United by cause, divided by politics: Assembly elections in Jammu and Kashmir


WRITTEN BY DR NAZIR AHMAD MIR

1 October 2024

After a decade-long hiatus, assembly elections for 90 seats are being conducted in the Indian Union Territory of Jammu and Kashmir. The polls are being held in three phases, on 18 and 25 September, and 1 October, and the votes are expected to be counted on 8 October. These elections have generated significant interest among the local population and have attracted attention at both national and international levels. Election rallies organised by candidates and political parties have drawn vibrant crowds, with enthusiasm at an unprecedented level.

The elections appear to be a referendum on the credibility of mainstream political leaders and the socio-political developments of the last five years. Local leaders suggest that the people of Jammu and Kashmir are keen to register their protest against the central government’s policies through their vote. On the other hand, the Bharatiya Janata Party (BJP)-led union government claims that the enthusiastic participation, even from groups like Jamaat-e-Islami (JI) and some other pro-separatist voices who typically boycott elections, is a validation of its policies.

Regardless, the voting behaviour seen in the recent parliamentary elections and the current mood ahead of the assembly elections reveal some interesting trends. The dissent expressed in the parliamentary elections may resurface in the assembly polls. Many people in Jammu and Kashmir — particularly in Kashmir, though not necessarily all parts of Jammu — are angry, feeling betrayed and marginalised by a political elite that has failed them in times of need. Ironically, the local political leadership is playing the ’victim card’ more than the people themselves.
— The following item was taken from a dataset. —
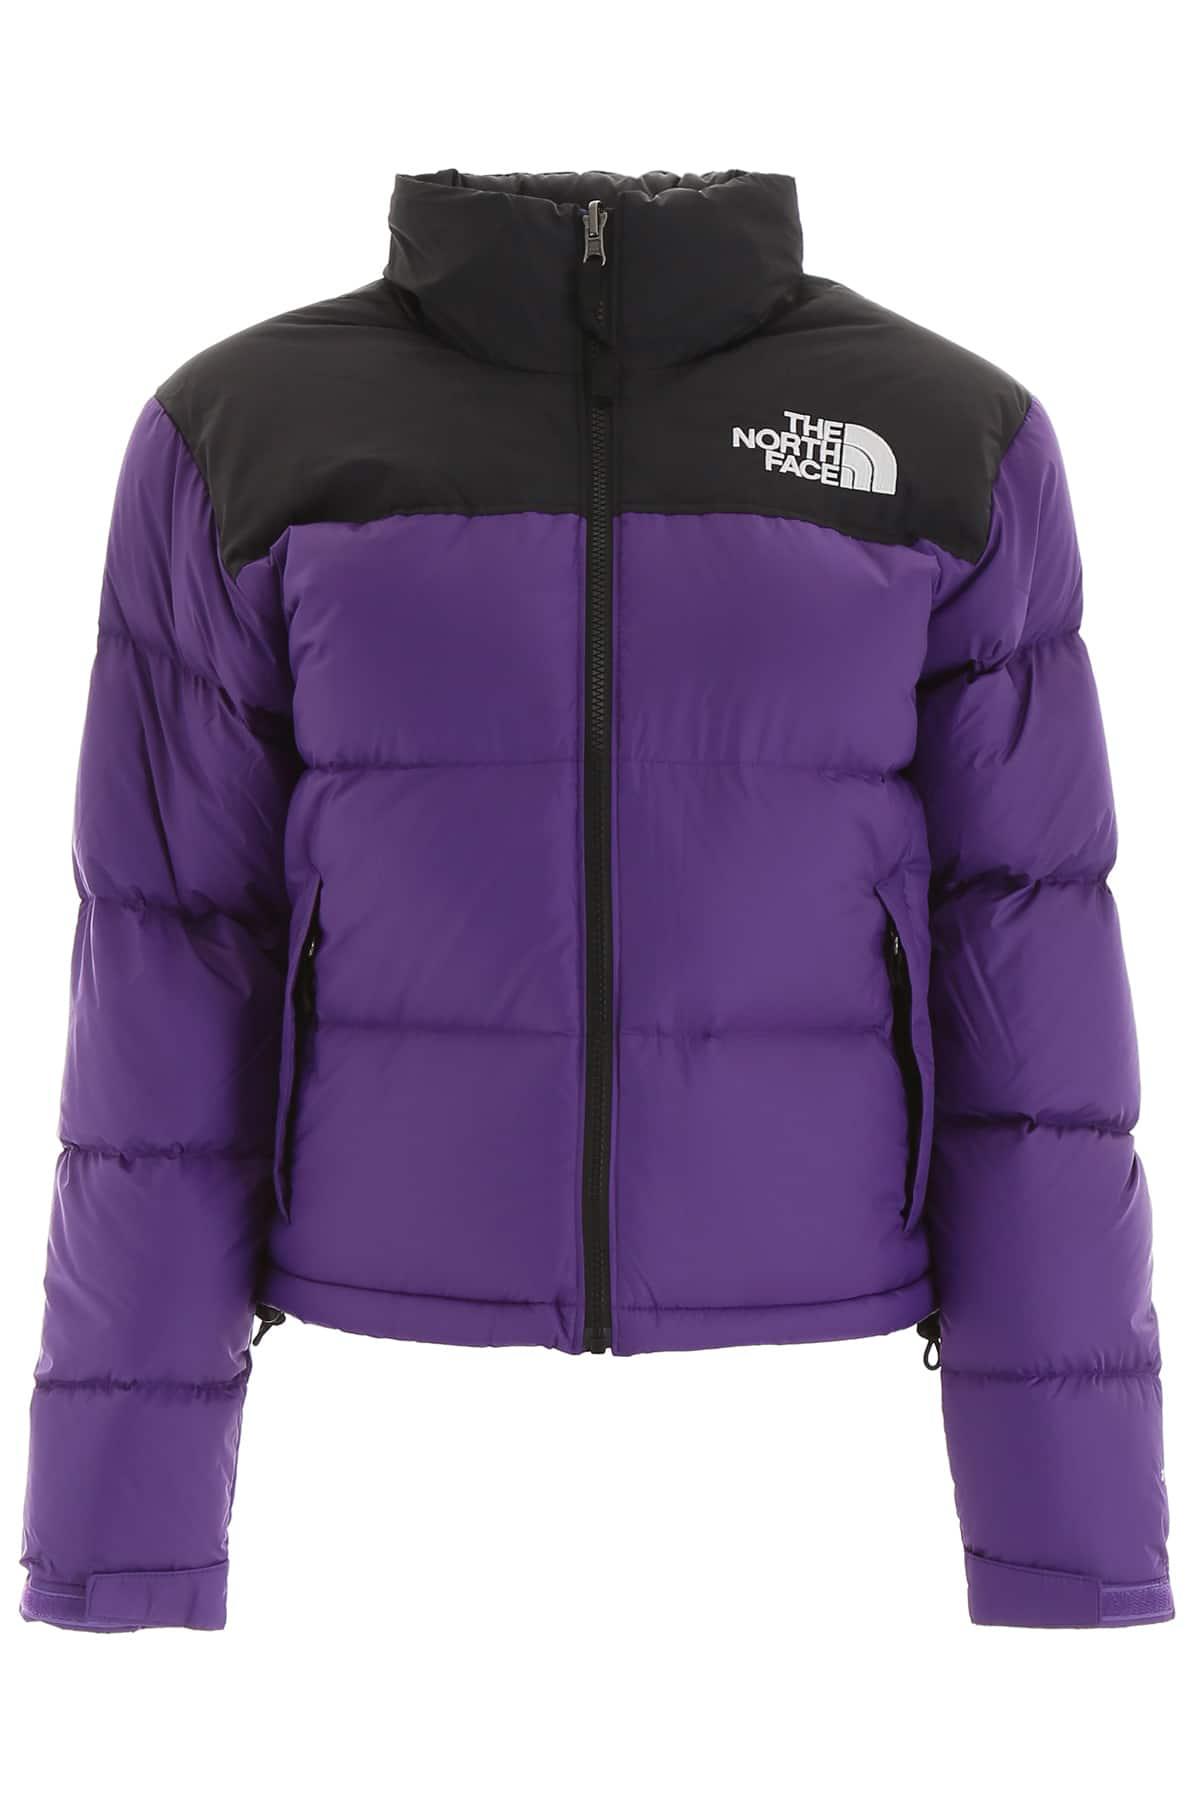 purple and black north face jacket 
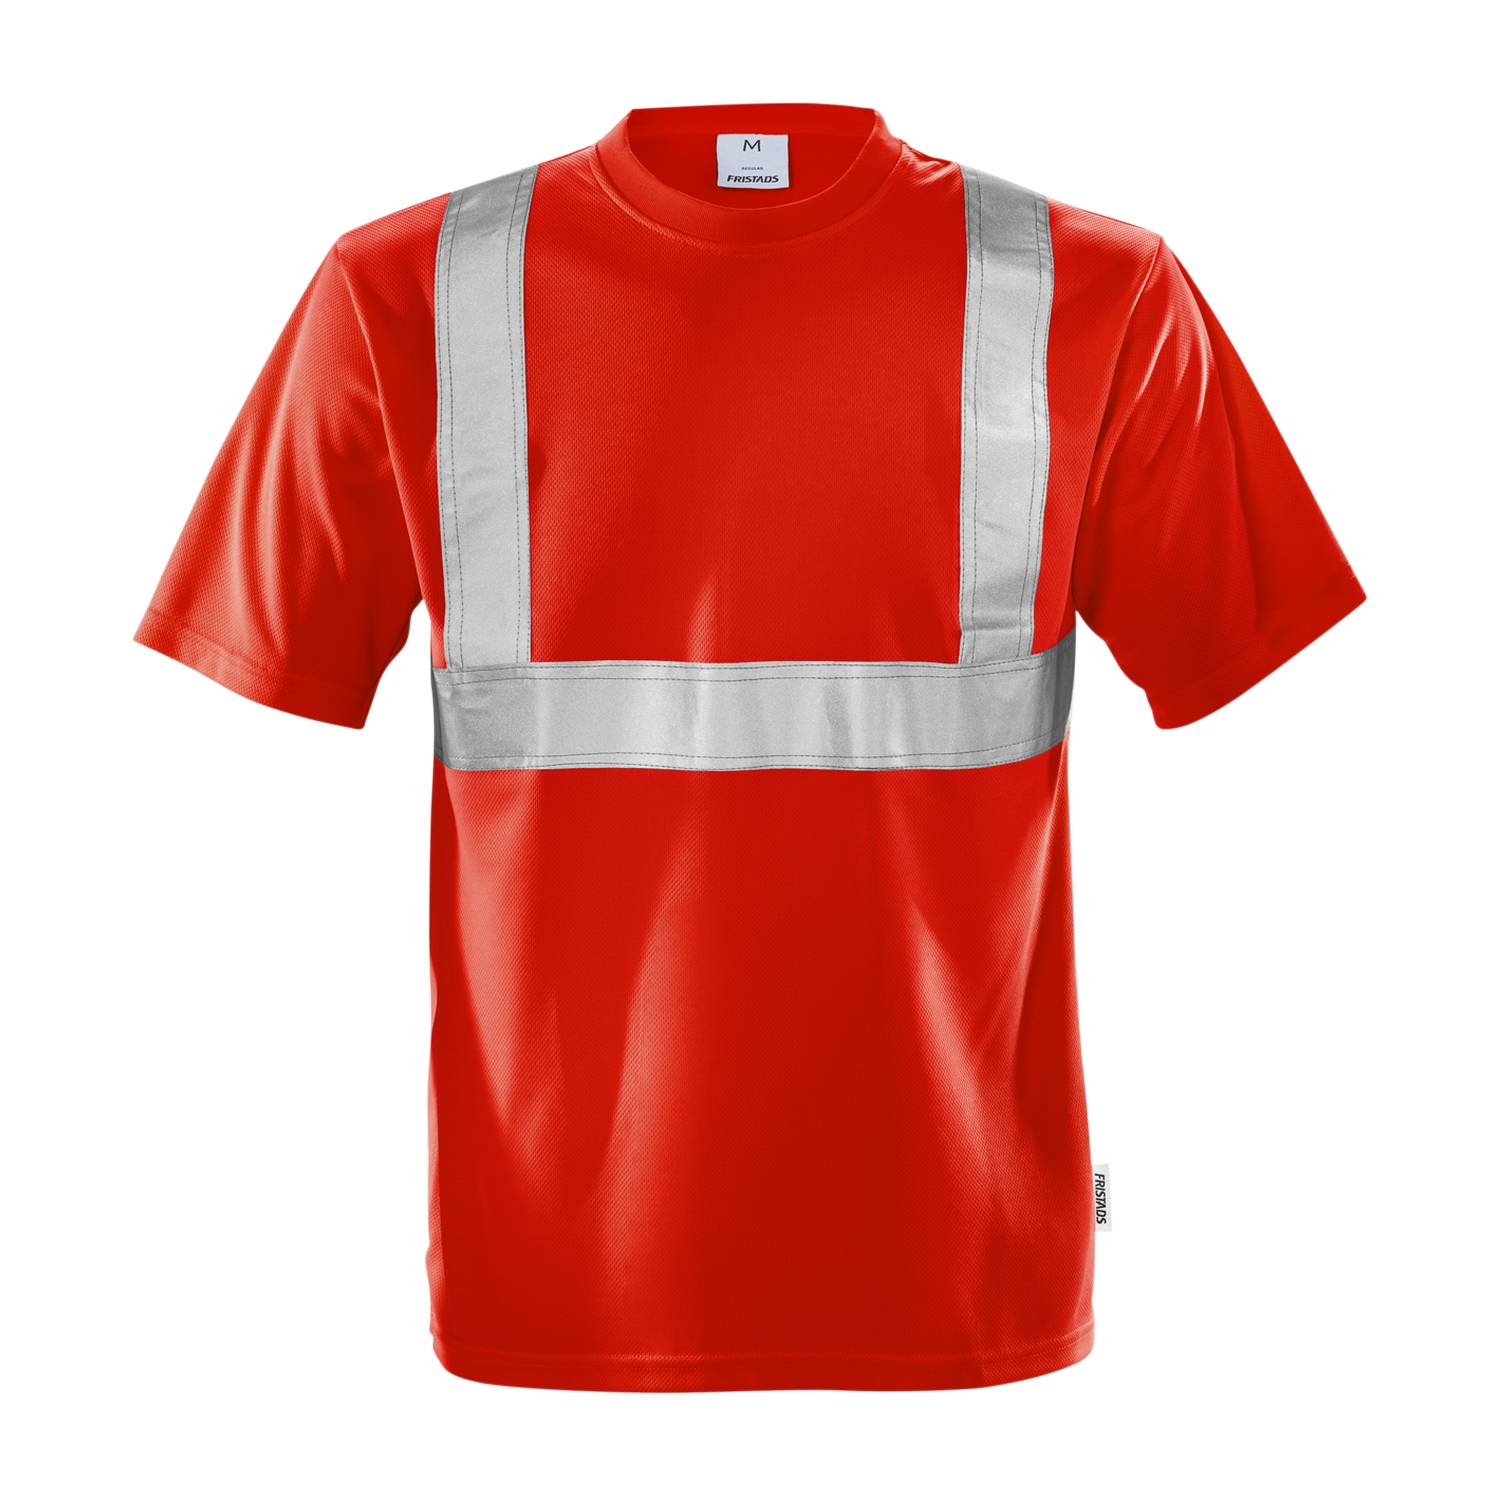 Fristads visokovidljiva majica 101010-330: High vis t-shirt class 2 7411 TP-101010-330 Rib-knit neck / 2-needle stitches on reflective tape / Approved according to EN ISO 20471 class 2 / Approved after 25 washes / OEKO-TEX certified. Materijal: 100% Polyester. Težina: 180 grama Certifikat: link

The fragile unity of mainstream parties

Mainstream regional political parties in Jammu and Kashmir — the National Conference (NC), People’s Democratic Party (PDP), People’s Conference (PC), Awami National Conference (ANC), and Awami Ittihad Party (AIP) (yet to be registered by the Election Commission of India) — have remained united in their stance that the reading down of Article 370 and Article 35a was unconstitutional and undemocratic. Therefore, when reports emerged that the BJP-led union government, after receiving an overwhelming national mandate in the 2019 parliamentary elections, was planning to abrogate Article 370 and 35a, all these parties rushed to unite in opposition to any such move. The leadership of the parties met on 4 August 2019 to oppose and formulate a strategy to deal with the situation, should it occur.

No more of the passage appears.